Holden keeps thinking about the collection basket as he heads off to meet Sally for their matinee date. He pictures the different people he knows having to hold a collection basket; Sally's mother, for one, would only do it if everyone had to kiss her butt to make a contribution.
It makes him sad that, while Sally's mother would use the money to go to a swanky lunch, the nuns never get to go to a swanky lunch.
Holden heads to Broadway Street to try to pick up a record for his sister Phoebe called "Little Shirley Beans." It's about a kid who lost her two front teeth and is too embarrassed to leave her house.
Holden sees a sort of poor-looking family come out of church and walk in front of him. The mother and father aren't really paying attention to their six-year-old kid, who is singing, "If a body catch a body coming through the rye."
This makes Holden feel better – not so depressed.
He makes it to a crowded Broadway street by about noon, irritated by the fact that everyone so obviously wants to go the movies. It's one thing if there's nothing else to do, but actually wanting to go is nuts.
Holden makes it to a record store and pays five dollars for an apparently rare copy of "Little Shirley Beans."
He then makes it into a phone booth to call Jane, but hangs up when her mother answers the phone.
Instead, he buys orchestra seats for a show called "I Know My Love," which he figures Sally will go nuts over because it has the Lunts (famous actors) in it.
This leads Holden into a digression on show actors. Most of them suck, and if they don't, then they know it, and that makes them bad. Case in point, Sir Laurence Olivier playing Hamlet. Holden says Hamlet is supposed to be a sad, screwed-up guy, not a commanding general-type like Olivier played it.

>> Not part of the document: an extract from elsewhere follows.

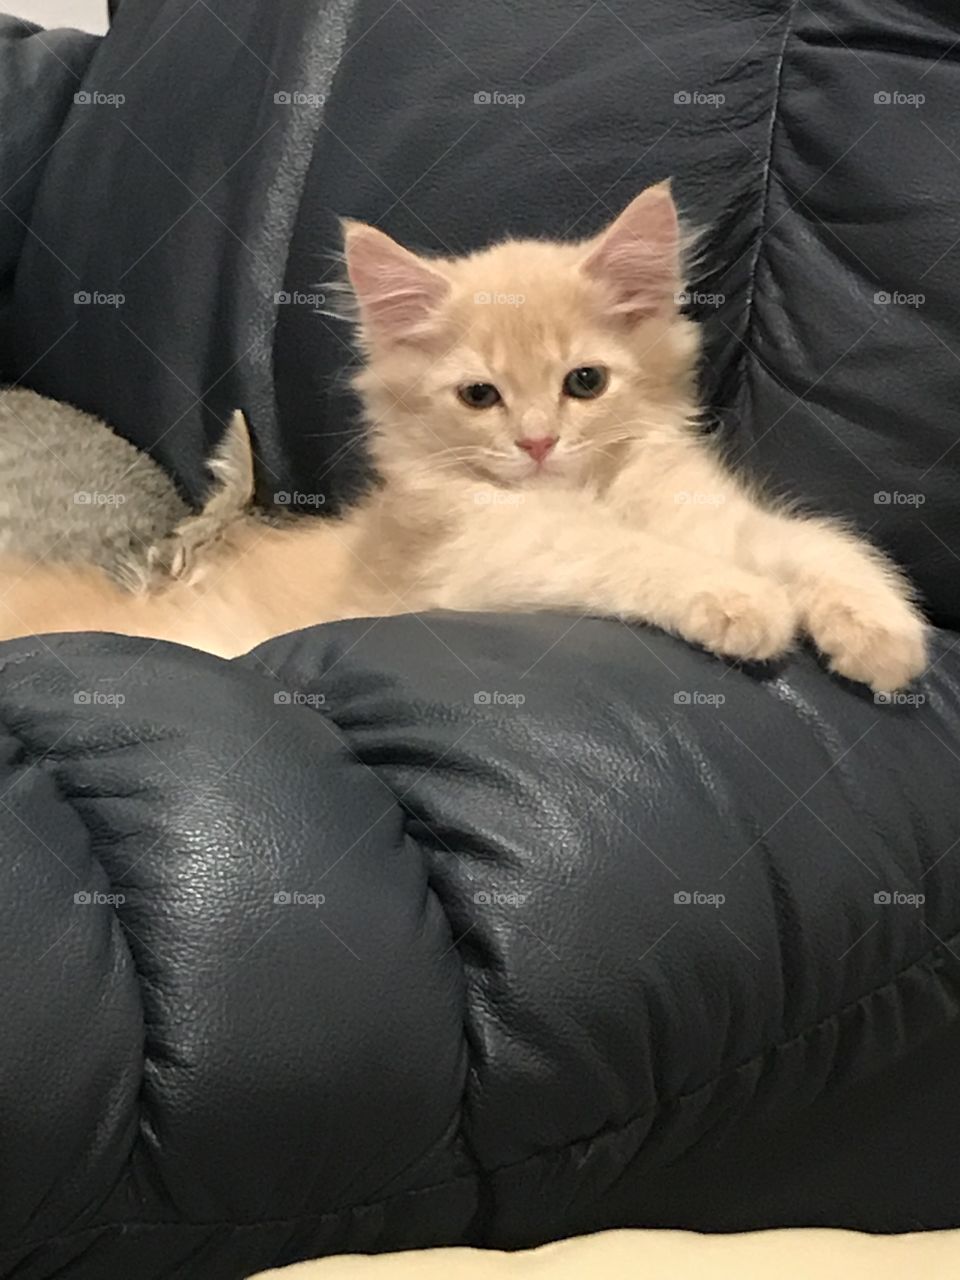 Kitten sitting up

Holden heads over to the Mall (as in an outside area without cars, not as in an indoor shopping mall) hoping to run into Phoebe in the park.
He runs into a little kid about his sister's age and asks her if she knows Phoebe Caulfield.
She does, but isn't sure where Phoebe is. Holden helps her tighten her skates. She's a nice kid, and he asks her if she wants to have hot chocolate, but she declines, as she has to go meet her friend. Holden thinks this is just awesome.
Holden heads over to the Museum of Natural History (the little girl in the park disclosed that there have been some recent field trips here). He remembers going himself on Saturdays when he was a kid. Mostly, he learned about Columbus.
Holden has always been a big fan of the museum, especially "the Indian Room," a long, quiet hallway you walk through with Native American displays on either side. The best thing is that everything would stay as it would – you kept changing, but the displays wouldn't.
Holden puts his red hunting hat on, adding that he's sure he won't see anybody who knows him anyway.
Certain things, he muses, ought to be able to stay just as they are, without having to change.
He passes two unbalanced kids on a seesaw and tries to even out their weight by putting his hand on the side of the skinnier kid. He can tell they don't want him around, though, so he leaves.
When he finally gets to the museum, it doesn't appeal to him anymore. So he gets in the cab and heads for the Biltmore – not that he wants to go, but he promised Sally.